There is always something that makes one roaster stand out from another, even if it’s not much more apparent than the different labels. Your competition isn’t going anywhere. If anything, it’s only going to get more fierce. Statista has documented the growth of the worldwide coffee roasting market, finding it rising steadily year-after-year with no signs of slowing. Roast coffee out of the home dominates, but there is a significant niche for home brewing equipment and ingredients.

Your coffee roast personality and foundation for success? They germinate here.

latte art

A single cup of coffee represents several histories, interests and goals.

The fears you have for the future, the concerns you have for the now…you shape them by getting in touch with your roots. Buyers aren’t just picking up a bag of coffee and taking it home. They’re also taking with them a reflection of their values. A promise for more to come. This is reaffirmed through your microroasting’s social media presence, blogging efforts and all the little ways you enrich the lives of the people you work with. Your gentle reminder every time they read the back of your packaging label as their drip brews.
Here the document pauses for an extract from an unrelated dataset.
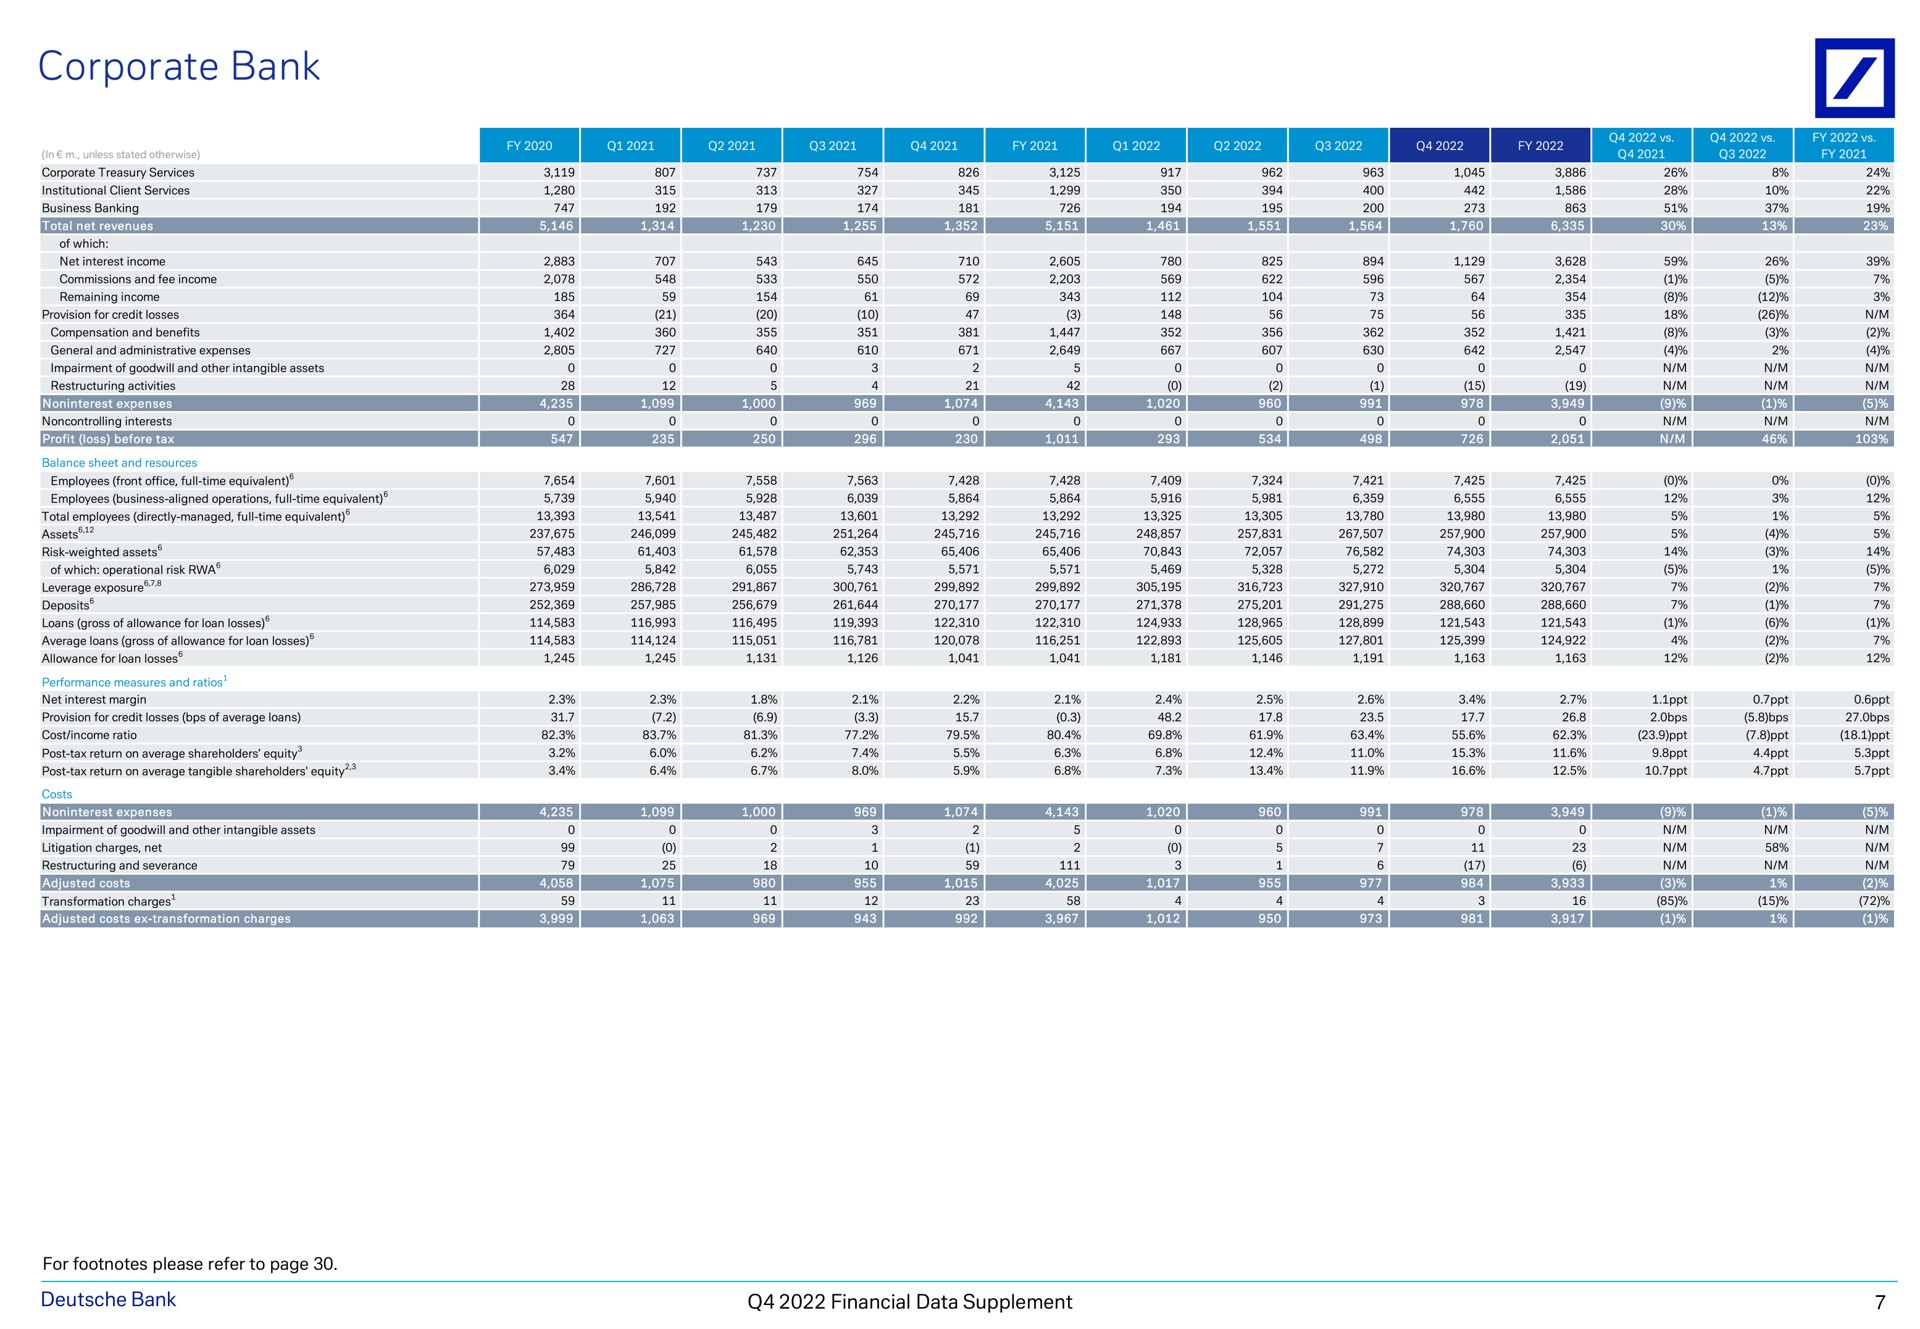 corporate bank at a a i a a financial data supplement | Deutsche Bank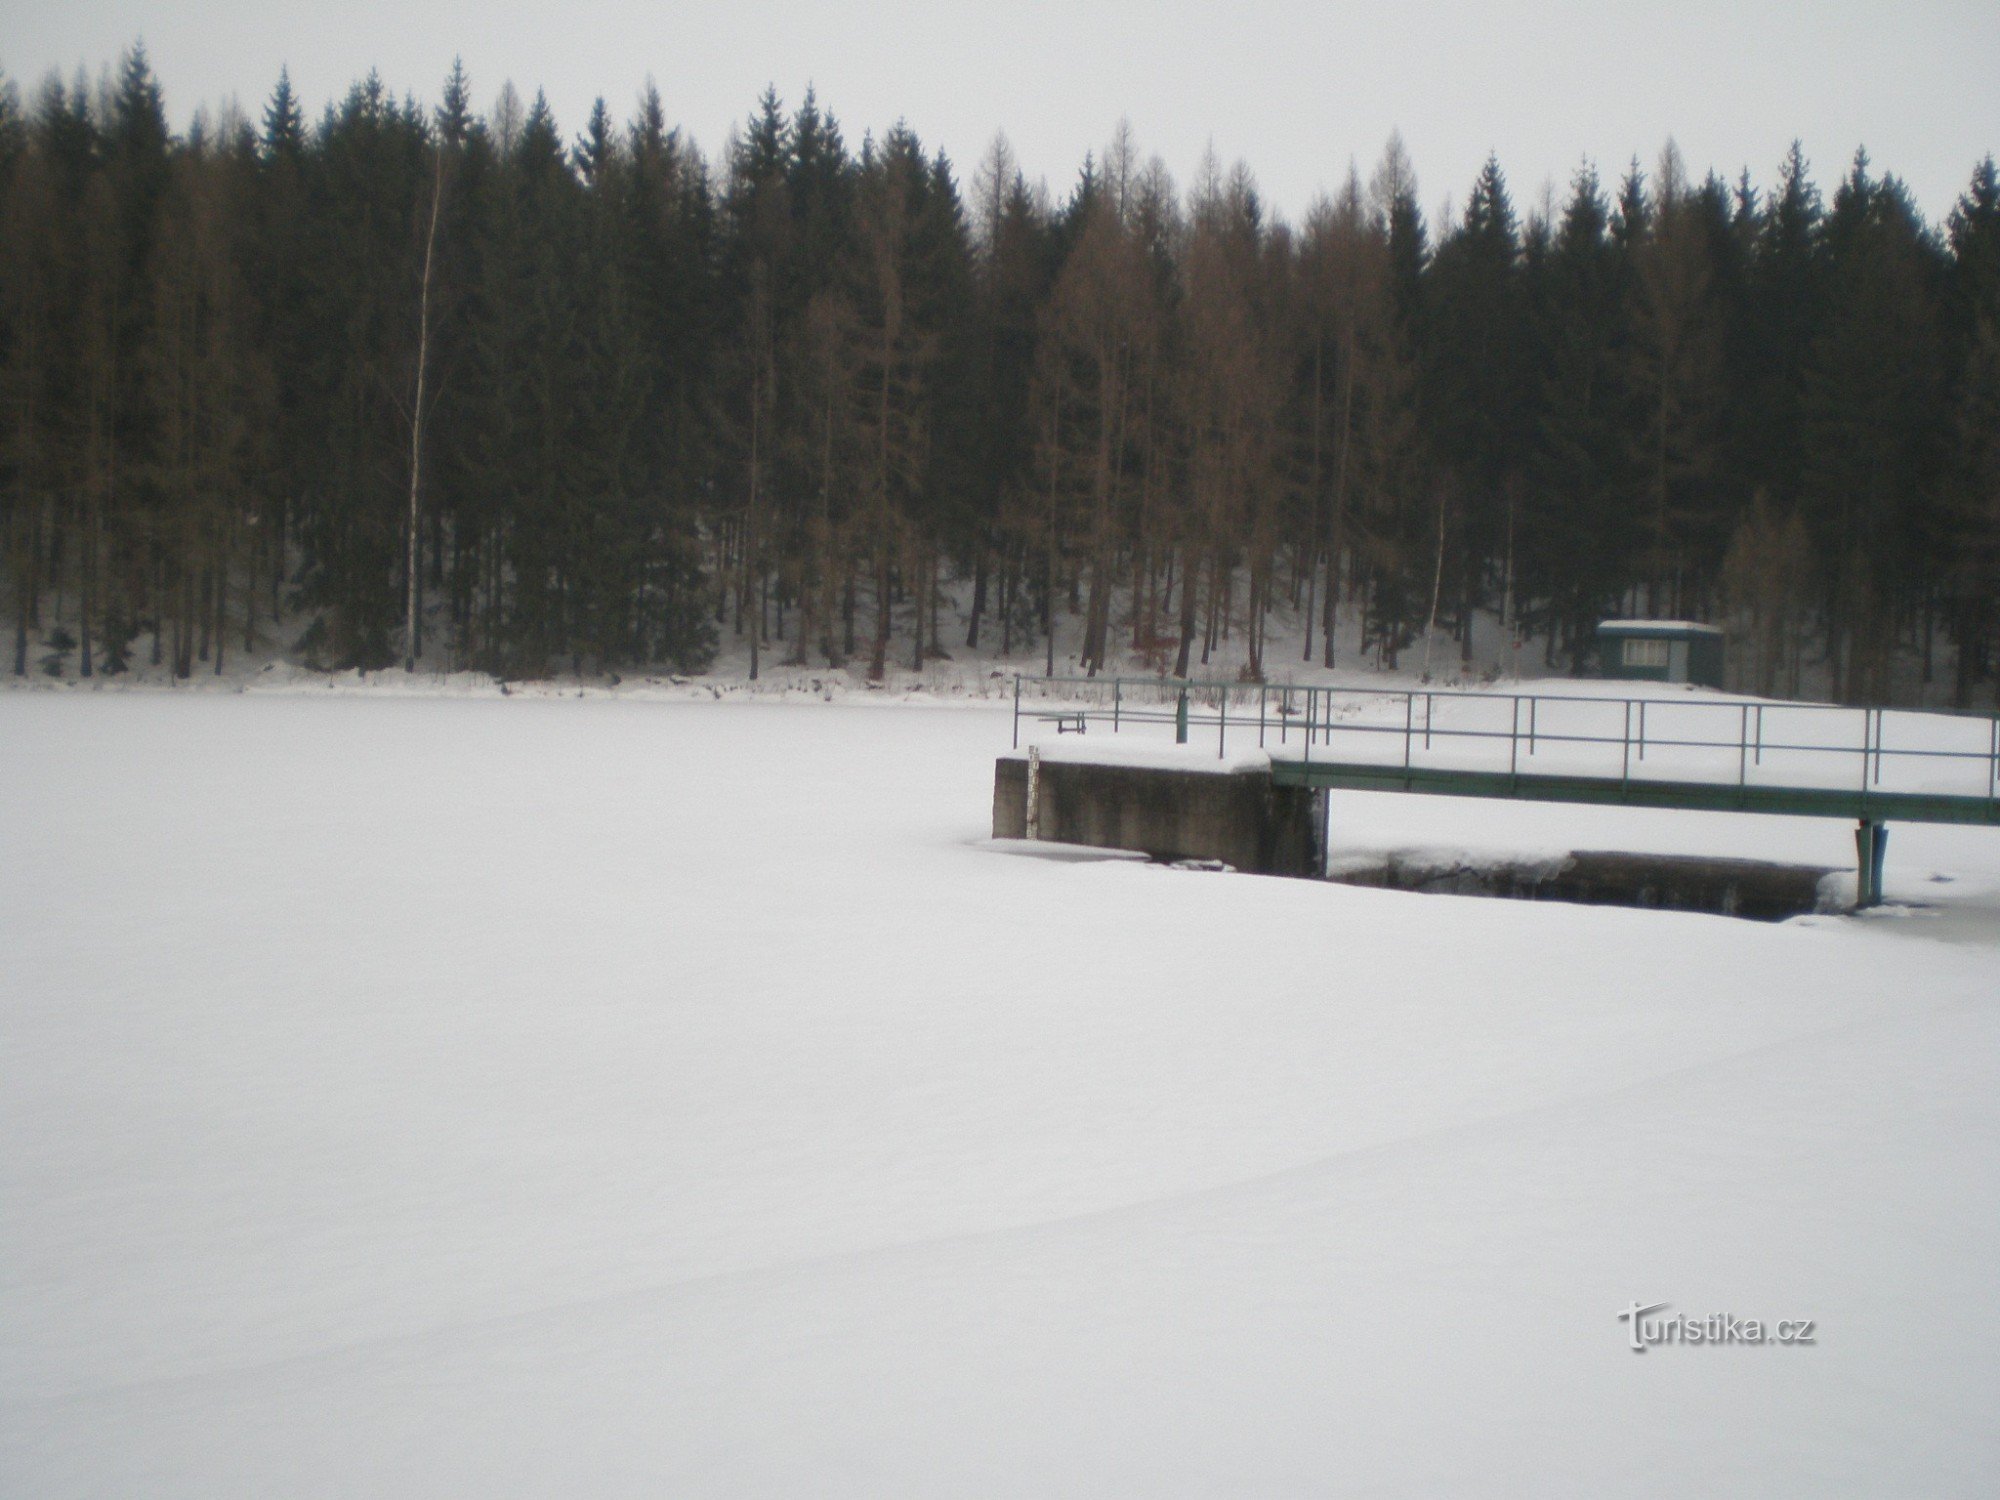 Struhový potok の貯水池

There have never been more resources for new roasting businesses to get a foothold. You have plenty of comprehensive guides to fill you in on the basics of setting up shop, from choosing a grower to learning the business numbers game. You can actively track the growth rates of stateside, nationwide and international coffee. The flexible nature of coffee means those with backgrounds in tea and even alcohol can see niche success. The sheer wealth of options on the table can be intimidating. On the contrary…the little details are where you can truly shine.